StataSE 12.0 was employed. Odds ratios (ORs) and 95% CIs were calculated to reflect and compare the complete remission rates, total effective rates, recurrence rates within 6 months, and adverse reaction rates of patients with AML. The risk of bias assessment chart of Review Manager 5.3 was utilized to assess the included articles. Each effect was represented by a 95% CI. When P>0.01 and I²<50%, a fixed-effects model (FEM) was adopted for the meta-analysis. When P<0.01 and I²>50%, a random-effects model (REM) was employed.

Results

Search results

A total of 549 literatures were obtained in this study. Among them, 138 were eliminated because of abstracts and titles, 75 were eliminated because of repeated research subjects, and 31 were eliminated because of full text. Twelve articles were finally included in meta-analysis. Figure 1 shows a flow chart of the search process. Figure 2 shows the GRADE quality classification results. Seven articles received a score of 6 and above, 4 received a score of 2–5, and 1 received a score of 1 or less.

Figure 1 Article retrieval flow chart.

Figure 2 GRADE quality classification results.
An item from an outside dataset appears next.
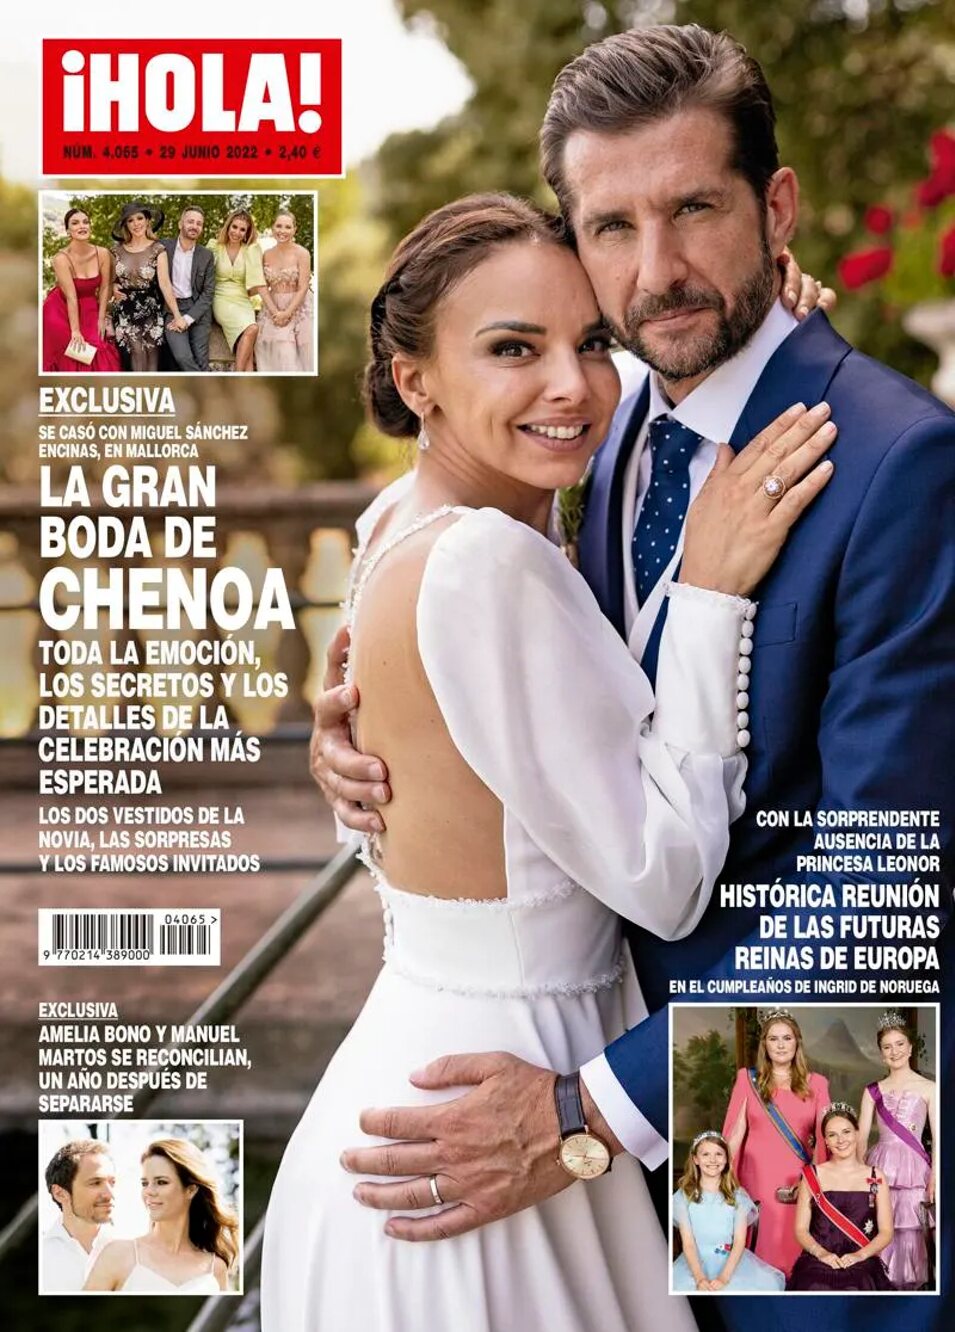 Chenoa y Miguel Sánchez Encinas estuvieron 17 meses casados | Foto: ¡Hola!

Eleven articles, comprising 986 patient cases, met the inclusion criteria. Each of the 12 articles had a small sample size (the sample sizes ranged from 25 to 59 cases), and all the research subjects were aged over 18. The number of cases, the intervention measures, and other details of experimental participants and controls were described in detail in the 12 articles. Information about the research subjects is set out in Table 1.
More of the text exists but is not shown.